We can achieve O(n) time complexity under the assumption that alphabet size is fixed which is typically true as we have maximum 256 possible characters in ASCII. The idea is to use two count arrays:
- The first count array store frequencies of characters in pattern.
- The second count array stores frequencies of characters in current window of text.
The important thing to note is, time complexity to compare two count arrays is O(1) as the number of elements in them are fixed (independent of pattern and text sizes).
Steps-by-step approach:
- Store counts of frequencies of pattern in first count array countP[]. Also store counts of frequencies of characters in first window of text in array countTW[].
- Now run a loop from i = M to N-1. Do following in loop.

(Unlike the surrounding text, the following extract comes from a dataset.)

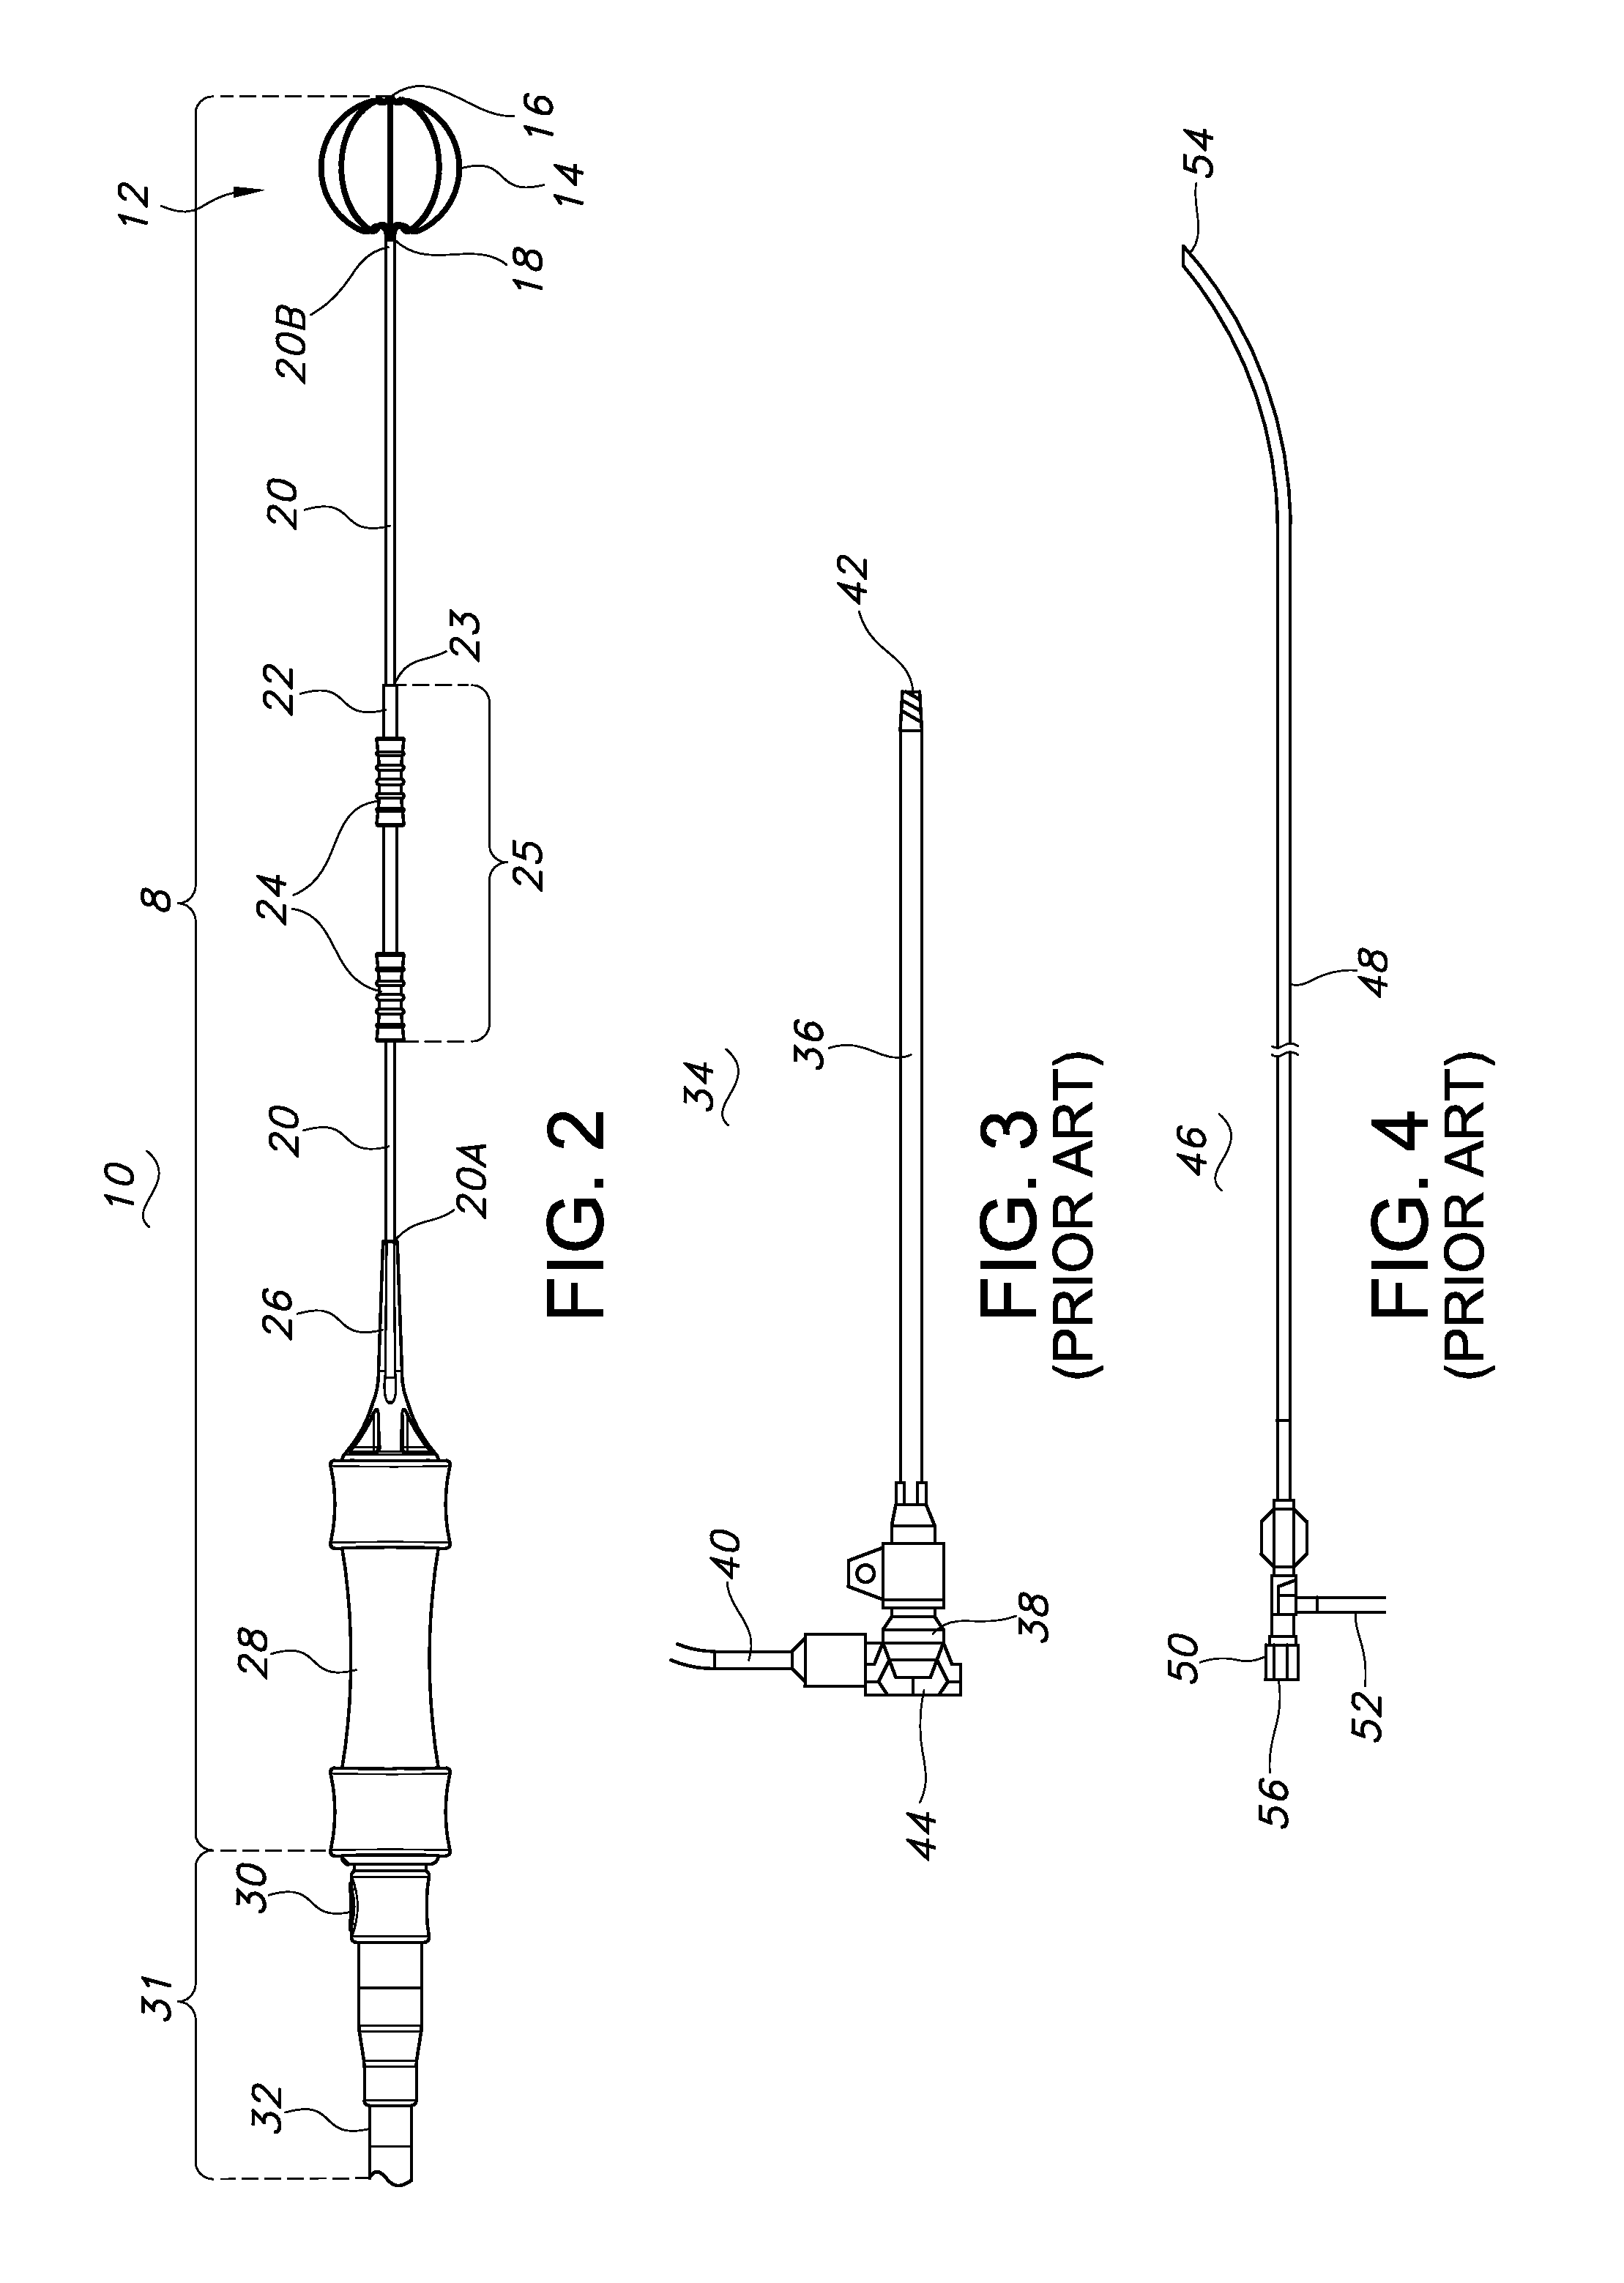 Flexible electrode assembly for insertion into body lumen or organ

- If the two count arrays are identical, we found an occurrence.
- Increment count of current character of text in countTW[] .
- Decrement count of first character in previous window in countWT[].
- The last window is not checked by above loop, so explicitly check it.
Below is the implementation of the above approach:
C
#include <stdbool.h>
#include <stdio.h>
#include <string.h>
#define MAX 256
bool compare(char arr1[], char arr2[])
{
for (int i = 0; i < MAX; i++)
if (arr1[i] != arr2[i])
return false;
return true;
}
void search(char* pat, char* txt)
{
int M = strlen(pat), N = strlen(txt);
char countP[MAX] = { 0 }, countTW[MAX] = { 0 };
for (int i = 0; i < M; i++) {
(countP[pat[i]])++;
(countTW[txt[i]])++;
}
for (int i = M; i < N; i++) {
if (compare(countP, countTW))
printf("Found at Index %d \n", (i - M));
(countTW[txt[i]])++;
countTW[txt[i - M]]--;
}
if (compare(countP, countTW))
printf("Found at Index %d \n", (N - M));
}
int main()
{
char txt[] = "BACDGABCDA";
char pat[] = "ABCD";
search(pat, txt);
return 0;
}
|
Output
Found at Index 0
Found at Index 5
Found at Index 6
Time Complexity: O(256 * (n – m) + m)
Auxiliary space: O(m), where m is 256
Please refer complete article on Anagram Substring Search (Or Search for all permutations) for more details!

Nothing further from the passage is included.